D) Cache measure results

Goal: avoid running measurers when sizes are stable.

  • Approach:
    • Cache child measurements in ListView; only re-measure on text/model change.
  • Expected impact: reduces measure-dirt propagation and downstream layout.

E) Aggressive culling for off-screen children

Goal: early-out of layout work for items outside clip.

  • Approach:
    • Ensure ScrollArea clip visibility is evaluated before children; set parent-culled? so child layouters can early return.
  • Expected impact: lower layout time for large off-screen sets.

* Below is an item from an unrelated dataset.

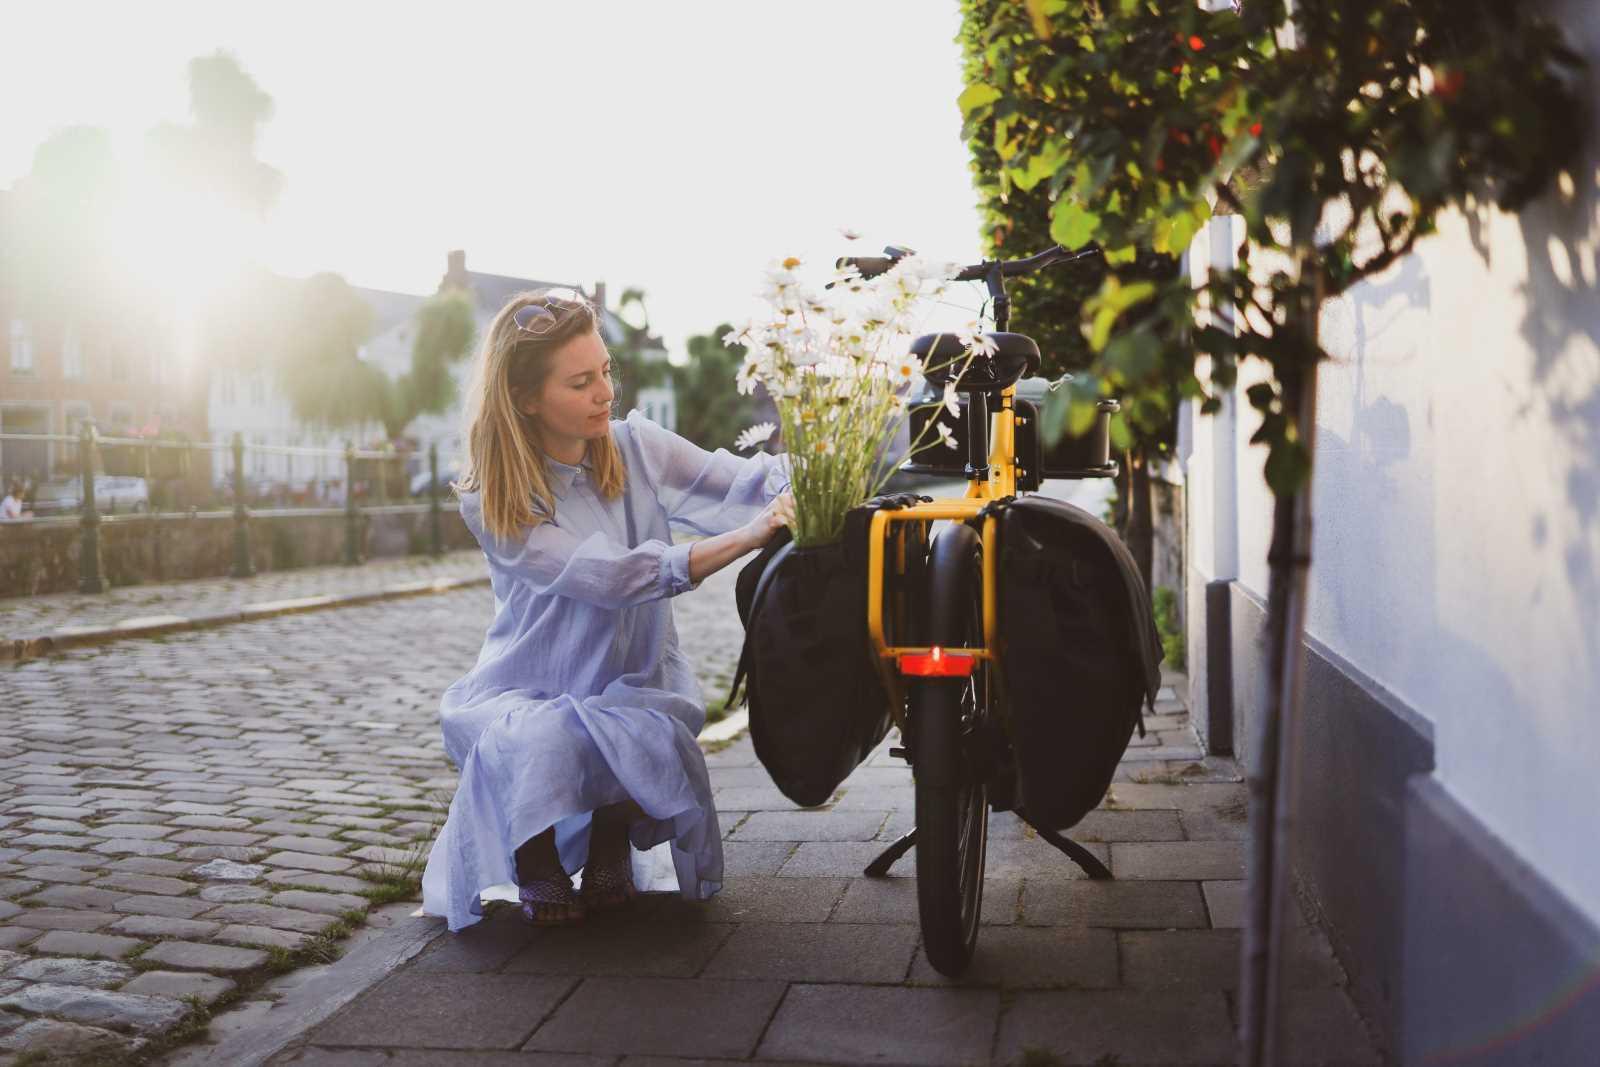 Veloe Multi fiets kopen België

Notes on Measurer During Scroll

The scroll path (ScrollView:set-scroll-offset -> ScrollArea:set-scroll-offset) marks layout-dirty only. Measurers run during scroll only if:

  • viewport/scrollbar visibility changes and marks measure-dirty, or
  • content changes (e.g., text updates) mark measure-dirty.

Next Experiments

  • Re-run profiler after (A) to confirm ListView layout cost drops.
  • Add a run including renderer uploads to quantify GL bufferData costs if needed.